One of the major issues studied in finance that has always intrigued, both scholars and practitioners, and to which no unified theory has yet been discovered, is the reason why prices move over time. Since there are several well-known traditional techniques in the literature to measure stock market volatility, a central point in this debate that constitutes the actual scope of this paper is to compare this common approach in which we discuss such popular techniques as the standard deviation and an innovative methodology based on Econophysics. In our study, we use the concept of Tsallis entropy to capture the nature of volatility. More precisely, what we want to find out is if Tsallis entropy is able to detect volatility in stock market indexes and to compare its values with the ones obtained from the standard deviation. Also, we shall mention that one of the advantages of this new methodology is its ability to capture nonlinear dynamics. For our purpose, we shall basically focus on the behaviour of stock market indexes and consider the CAC 40, MIB 30, NIKKEI 225, PSI 20, IBEX 35, FTSE 100 and SP 500 for a comparative analysis between the approaches mentioned above.

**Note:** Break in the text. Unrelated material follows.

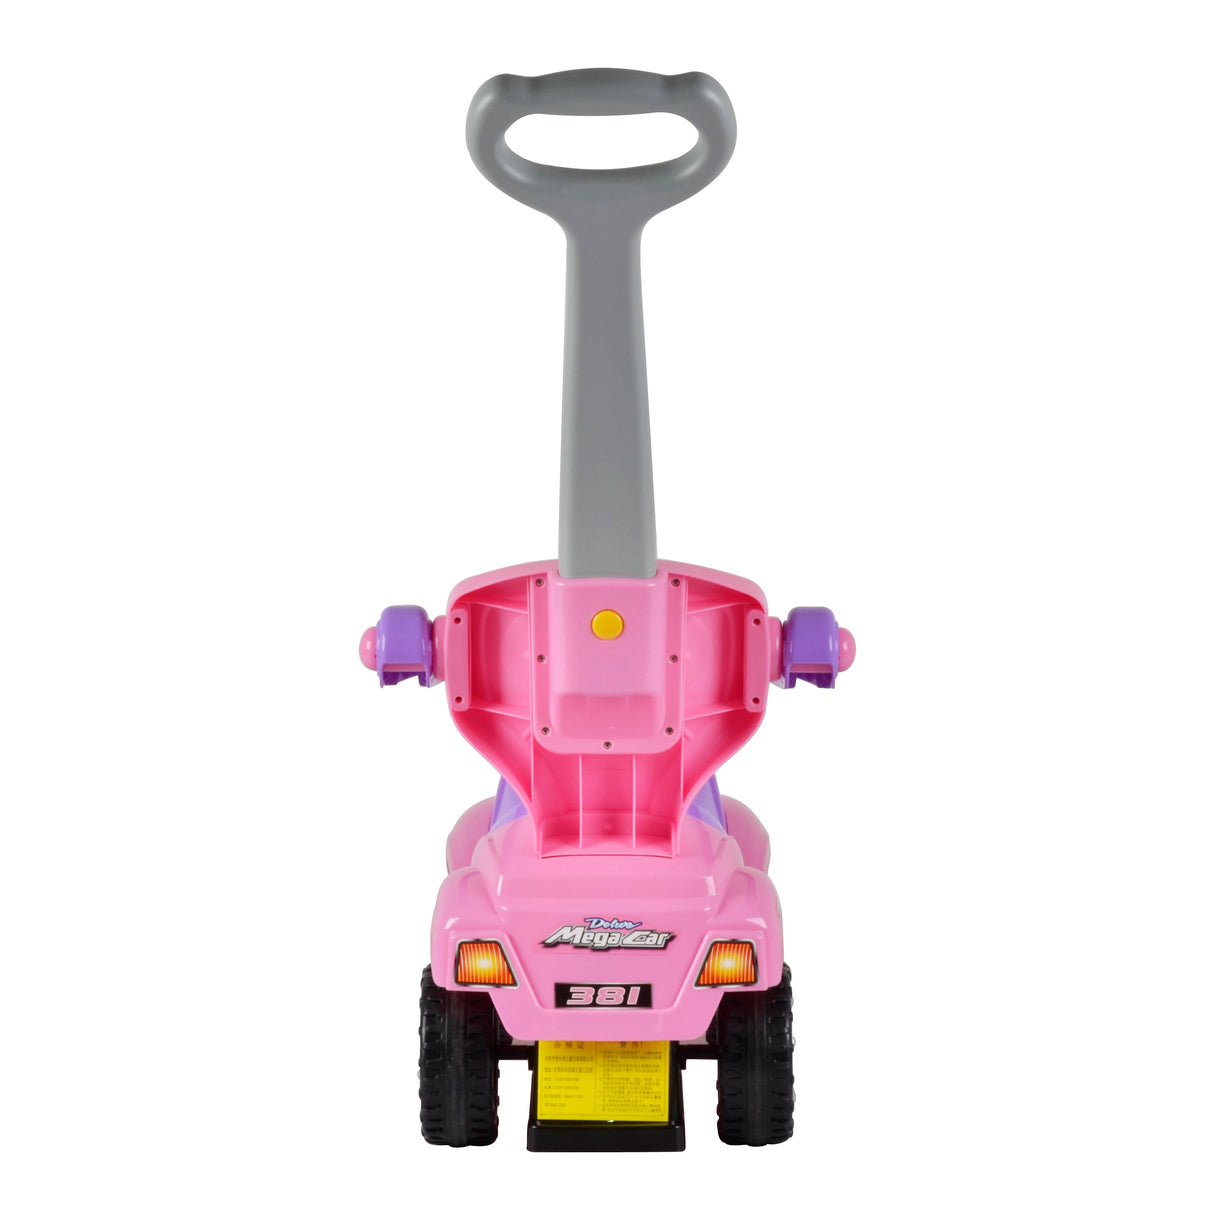 Freddo Toys Deluxe Mega Push 3 in 1 Stroller, Walker and Ride on - DTI Direct USA
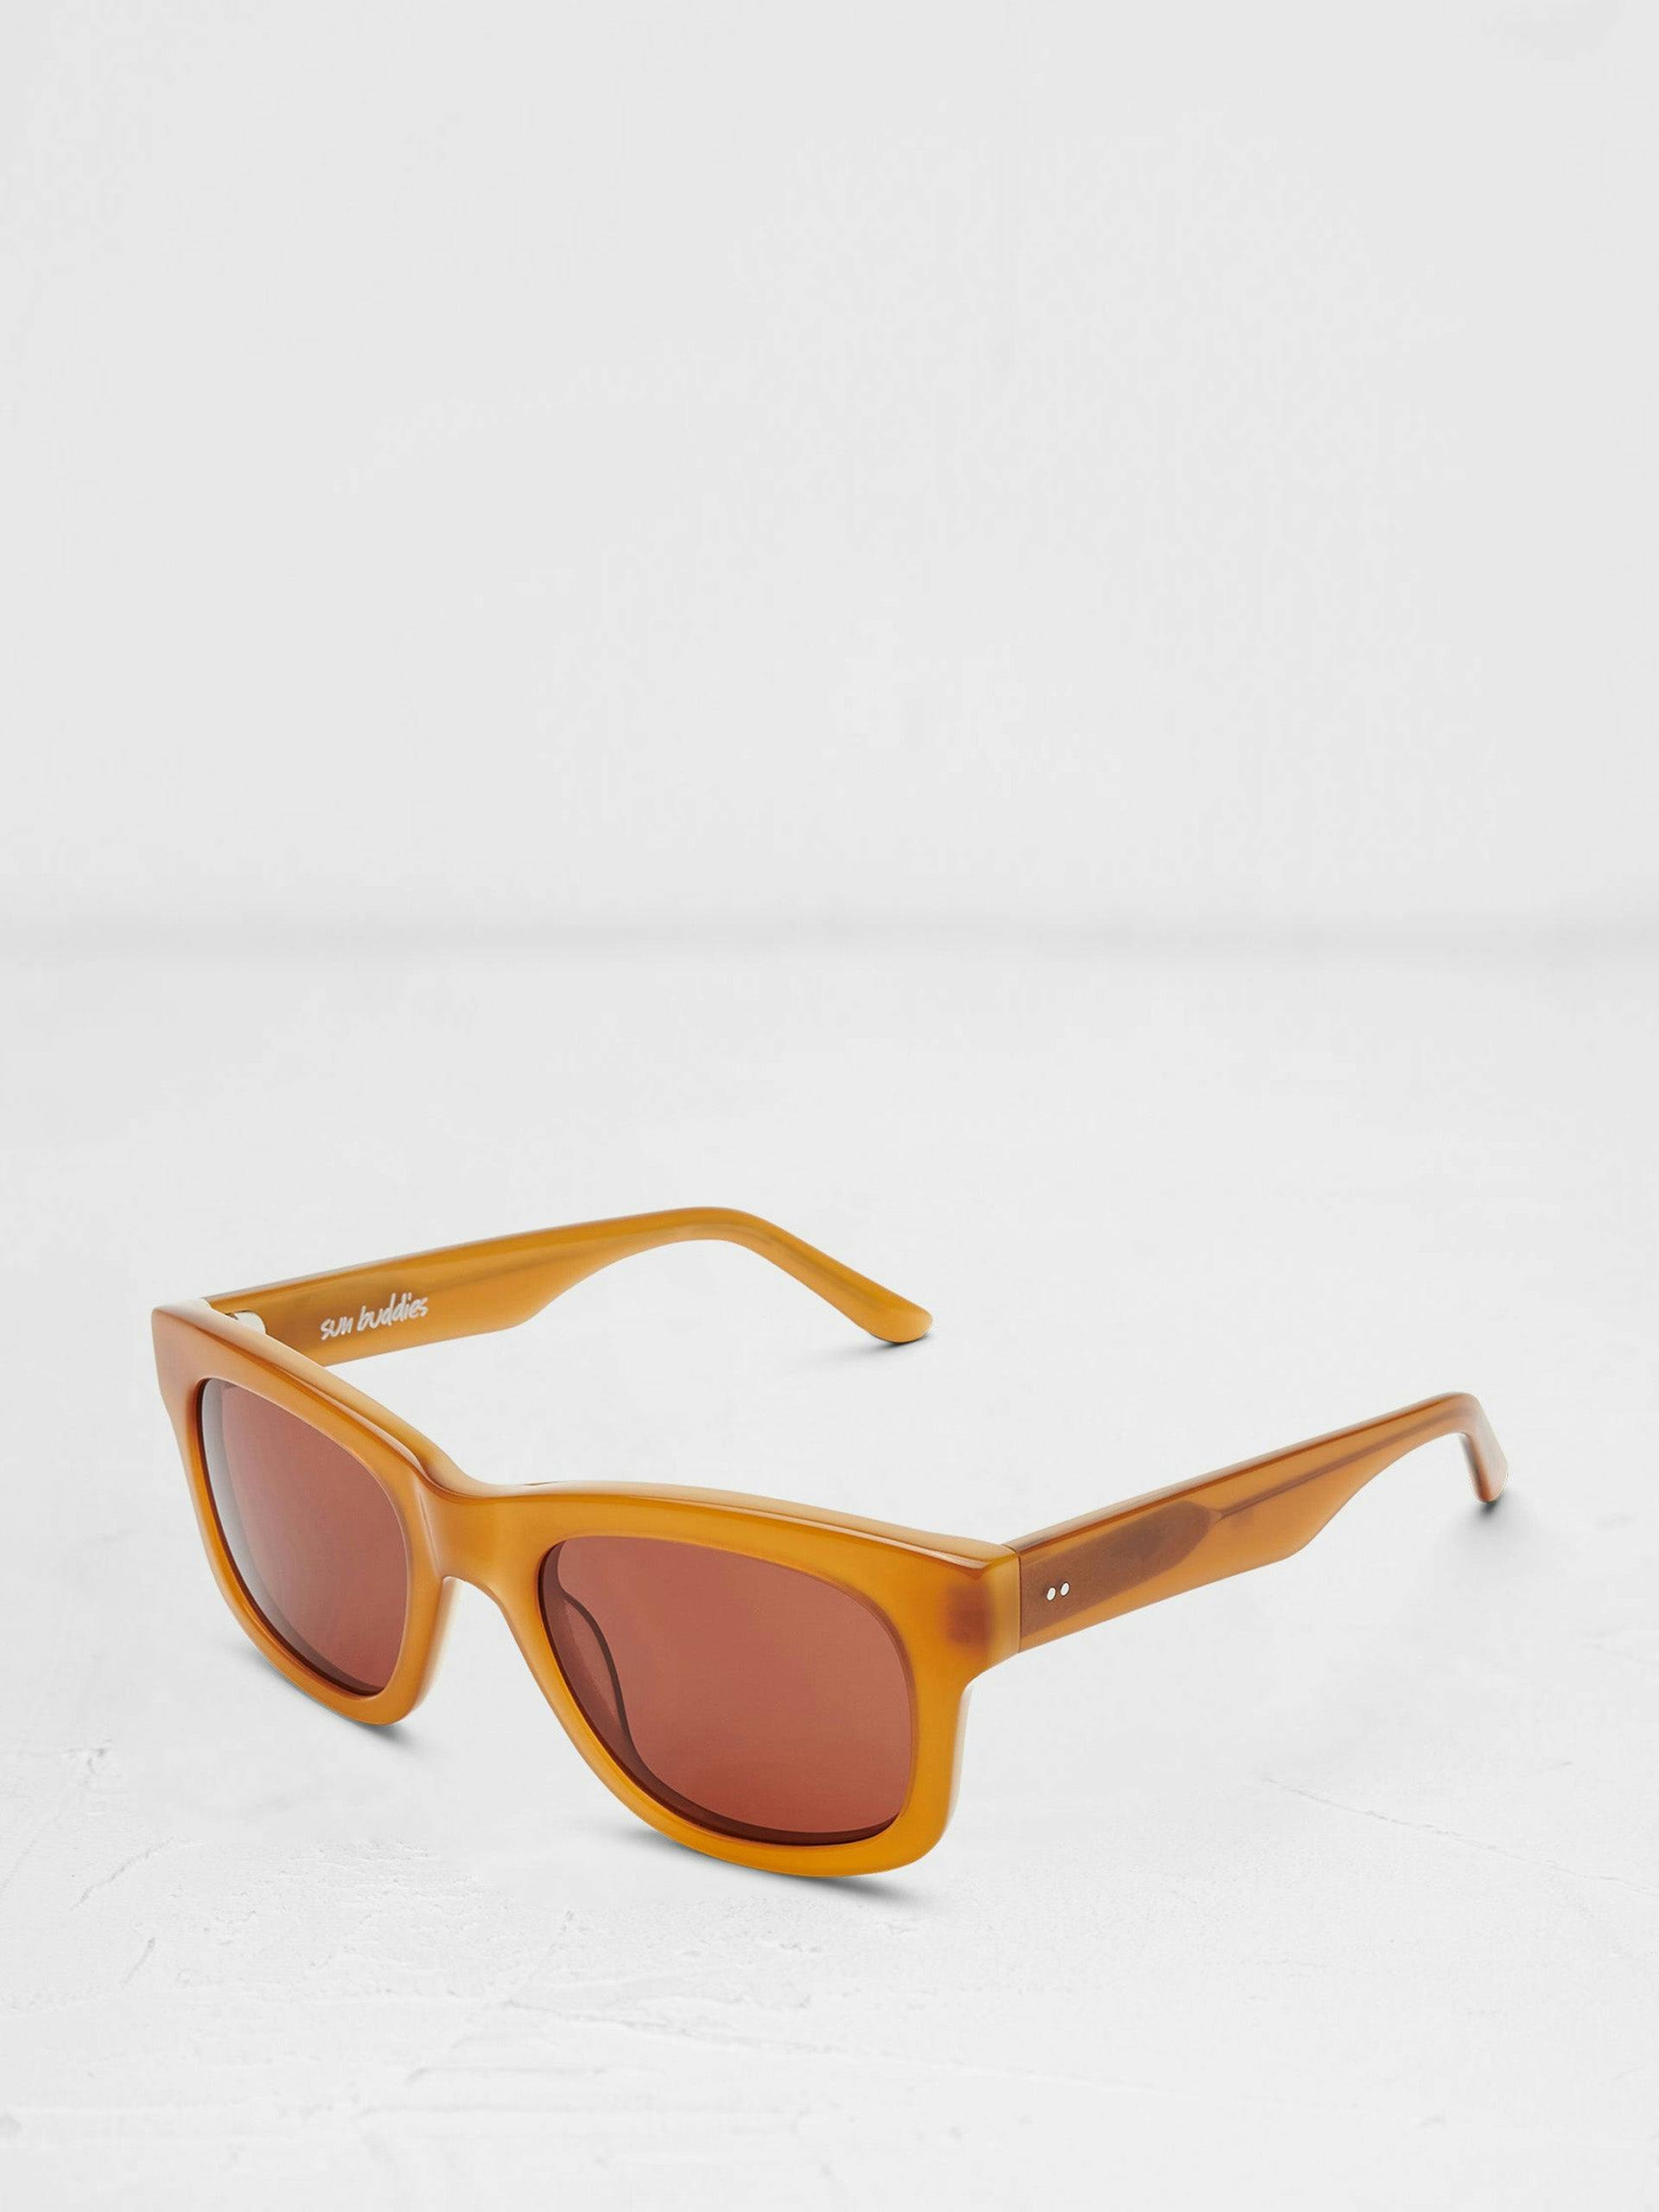 Harold sunglasses in Glow Orange

Long memory and volatility clustering are two stylized facts frequently related to financial markets. Traditionally, these phenomena have been studied based on conditionally heteroscedastic models like ARCH, GARCH, IGARCH and FIGARCH, inter alia. One advantage of these models is their ability to capture nonlinear dynamics. Another interesting manner to study the volatility phenomena is by using measures based on the concept of entropy. In this paper we investigate the long memory and volatility clustering for the SP 500, NASDAQ 100 and Stoxx 50 indexes in order to compare the US and European Markets. Additionally, we compare the results from conditionally heteroscedastic models with those from the entropy measures. In the latter, we examine Shannon entropy, Renyi entropy and Tsallis entropy. The results corroborate the previous evidence of nonlinear dynamics in the time series considered.